2.4.3 Unit observasi
Kesatuan atau segala sesuatu yang karakteristiknya akan diperiksa. Objek yang akan diperiksa.
2.4.4 Variabel
Karakteristik yang bisa di klasifikasikan kedalam sekurang-kurangnya dua klasifikasi yang berbeda. Karakteristik yang memberikan sekurang-kurangnya dua hasil pengukuran yang berbeda.
2.4.5 Populasi
Dalam penelitian kuantitatif, apalagi jika dirancang sebagai sebuah penelitian survei (survey research), keberadaan populasi dan sampel penelitian nyaris tak dapat dihindarkan. Populasi dan sampel merupakan sumber utama untuk memperoleh data yang dibutuhkan dalam mengungkapkan fenomena atau realitas yang dijadikan fokus penelitian kita. Demi mencapai keakuratan dan validitas data yang dihasilkan, populasi dan sampel yang dijadikan objek penelitian harus memiliki kejelasan baik dari segi scope, ukuran, maupun karakteristiknya.

BAB III
PENUTUP 

a.       Kesimpulan
Statistik adalah sebagai alat pengolah data angka. Stasistik dapat juga
diartikan sebagai metode/asas-asas guna mengerjakan/memanipulasi data kuantitatif agar angka berbicara. Pendekatan dengan statistik sering digunakan metode statistic yaitu metode guna mengumpulkan, mengolah, menyajikan, menganalisis & menginterpretasikan data statistik. Statistika dapat pula diartikan pengetahuan yang berhubungan dengan pengumpulan data, pengolahan data, penganalisisan dan penarikan kesimpulan berdasarkan data dan analisis. Jadi statistik adalah produk dari kerjastatistika.

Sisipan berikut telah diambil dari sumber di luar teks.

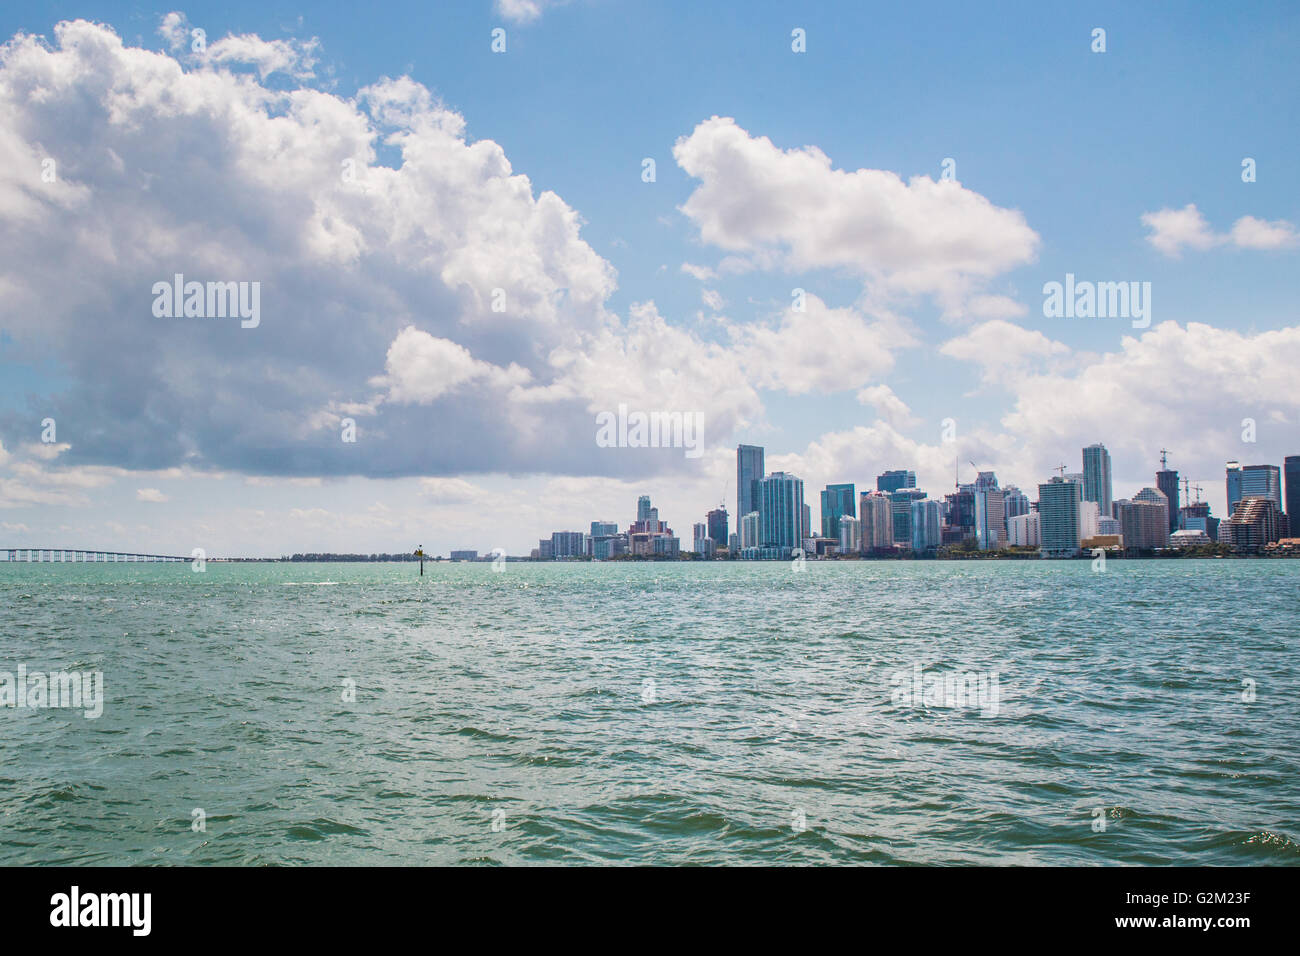 View of modern downtown Miami Florida, USA skyline seen from across Biscayne Bay with clouds overhead Stock Photo

Statistika adalah ilmu yang mempelajari bagaimana merencanakan, mengumpulkan, menganalisis, menginterpretasi, dan mempresentasikan data. Singkatnya, statistika adalah ilmu yang berkenaan dengan data. Istilah 'statistika' (bahasa Inggris: statistics) berbeda dengan 'statistik' (statistic). Statistika merupakan ilmu yang berkenaan dengan data, sedang statistik adalah data, informasi, atau hasil penerapan algoritma statistika pada suatu data.

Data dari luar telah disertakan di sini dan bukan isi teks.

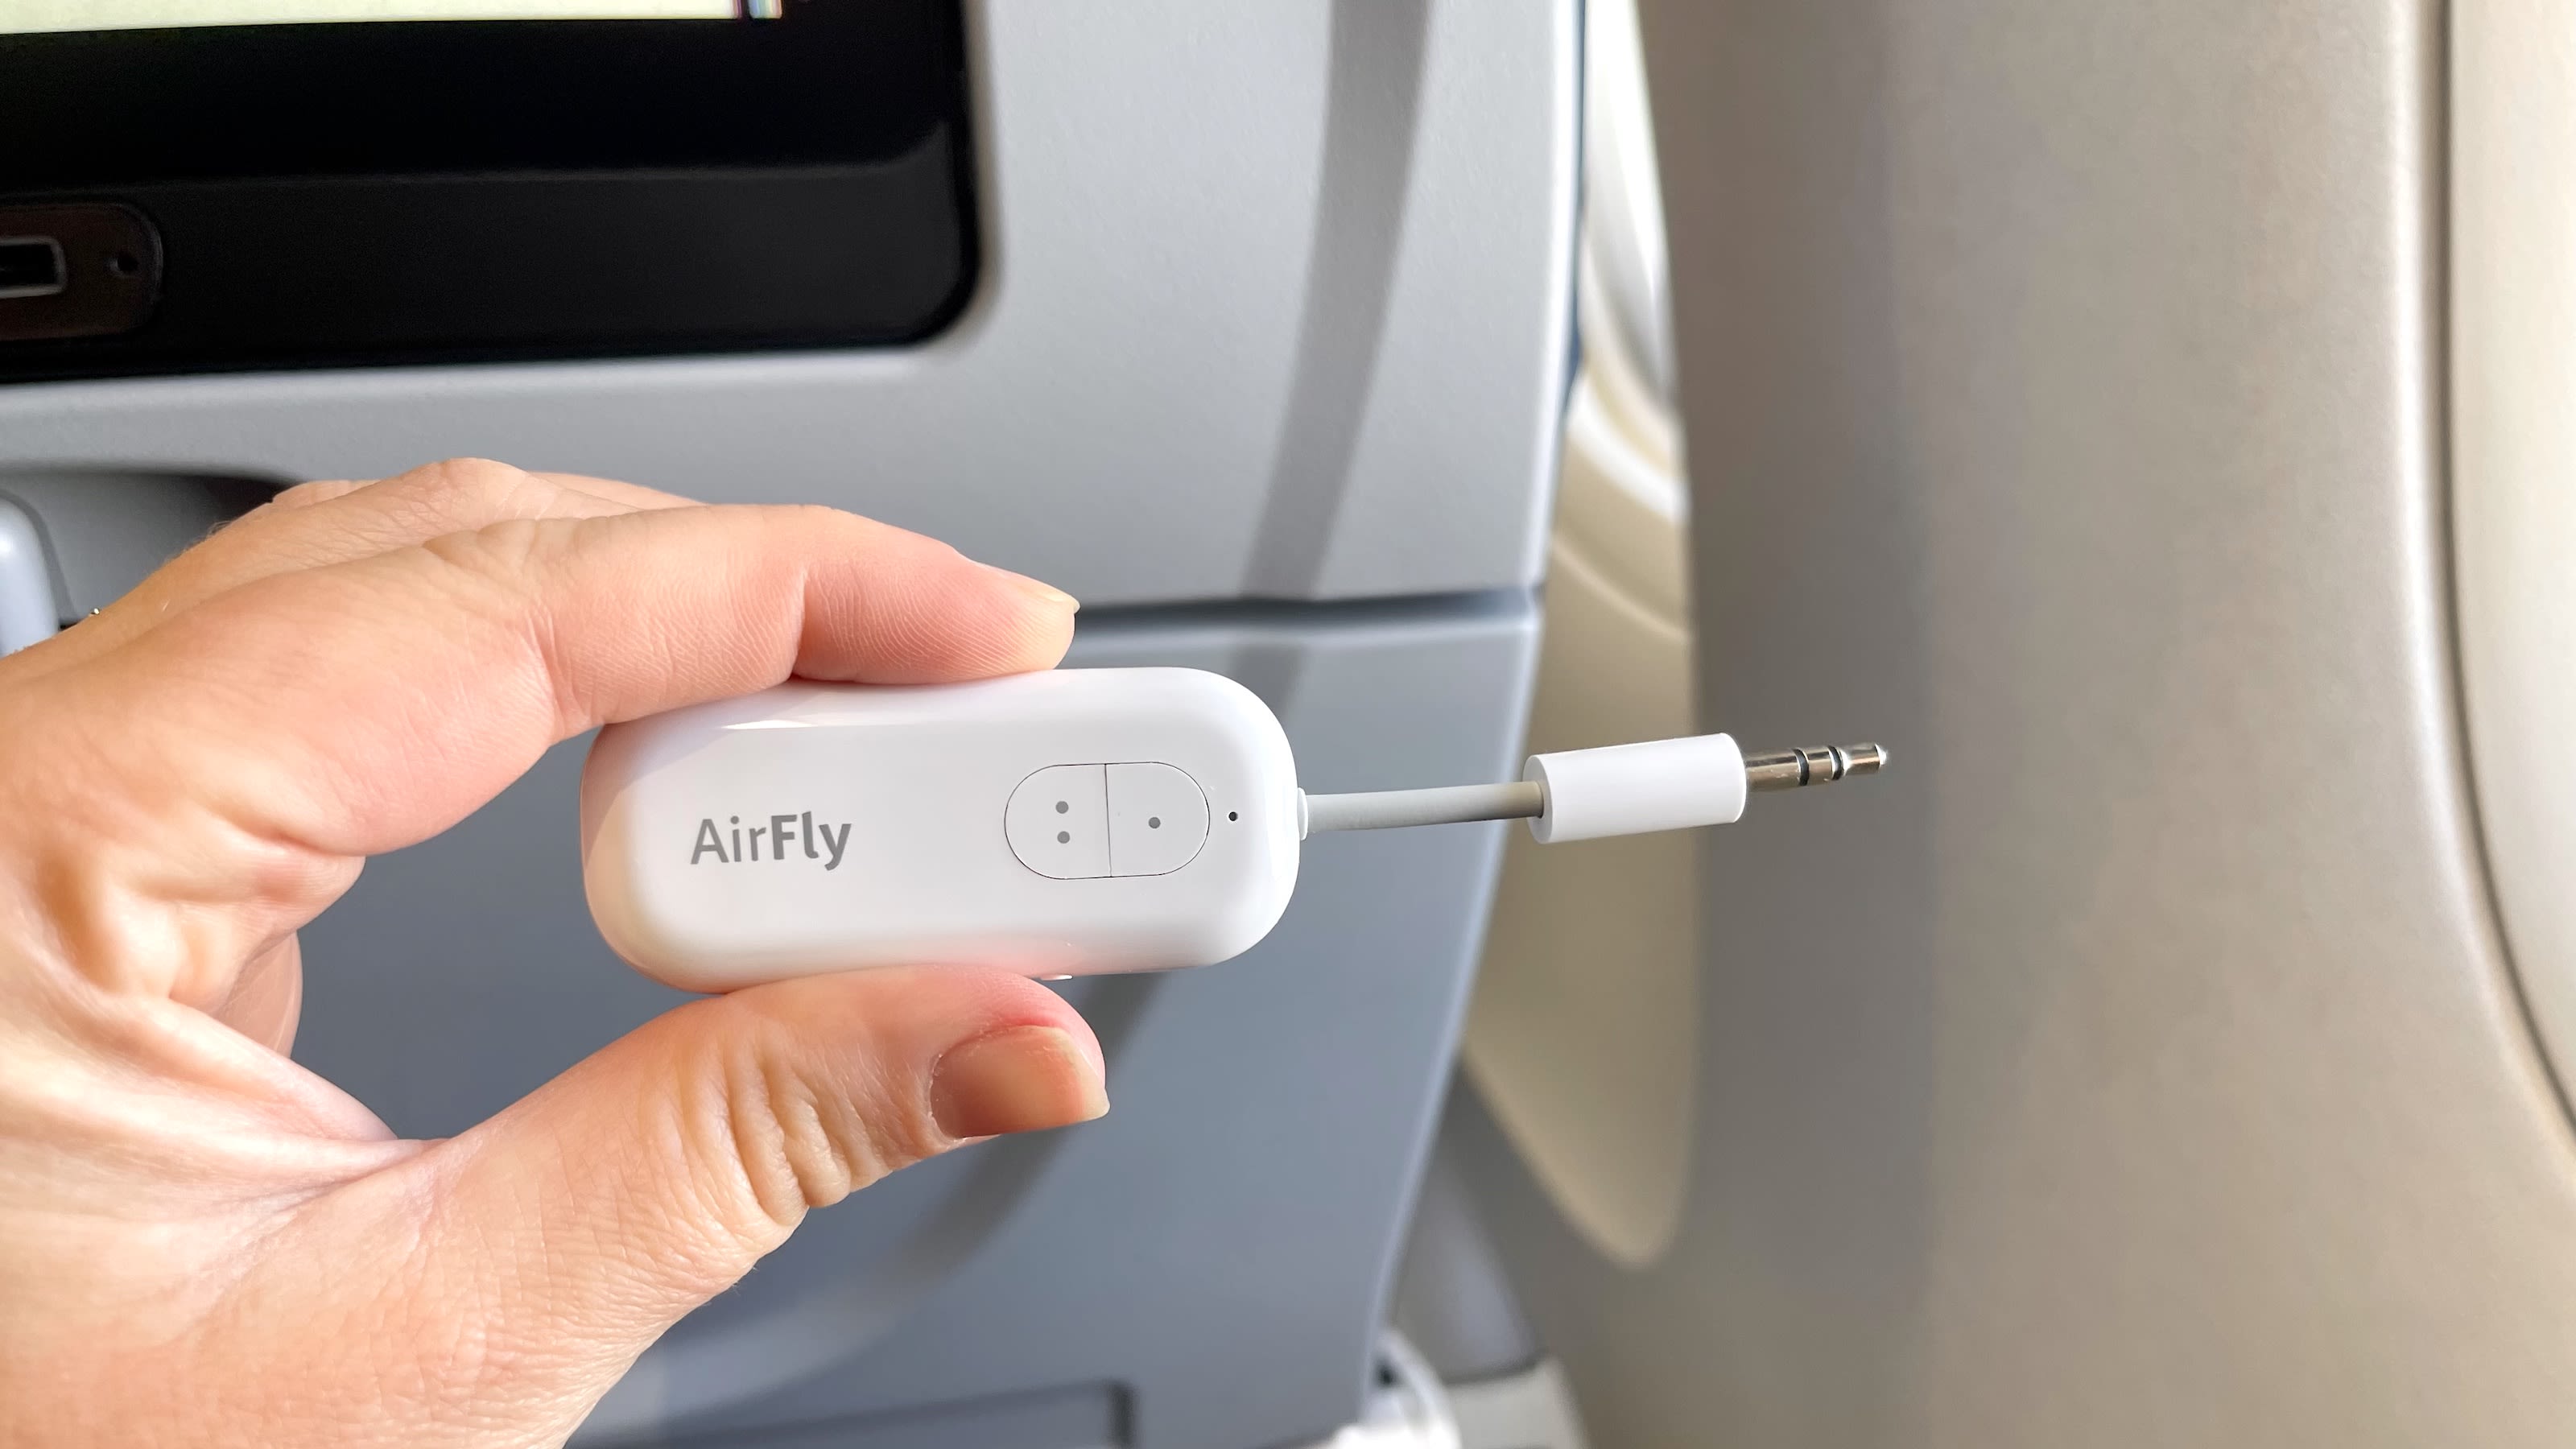 AirFly Duo adapter: Connect wireless headphones to plane | CNN Underscored

Ada empat tipe pengukuran atau skala pengukuran yang digunakan di dalam statistika, yakni: nominal, ordinal, interval, dan rasio. Keempat skala pengukuran tersebut memiliki tingkat penggunaan yang berbeda dalam riset statistik.
b. Saran
Penulis menyarankan kepada setiap pembaca untuk mempelajari statistika. Karena statistika khususnya distribusi data ini sangat penting.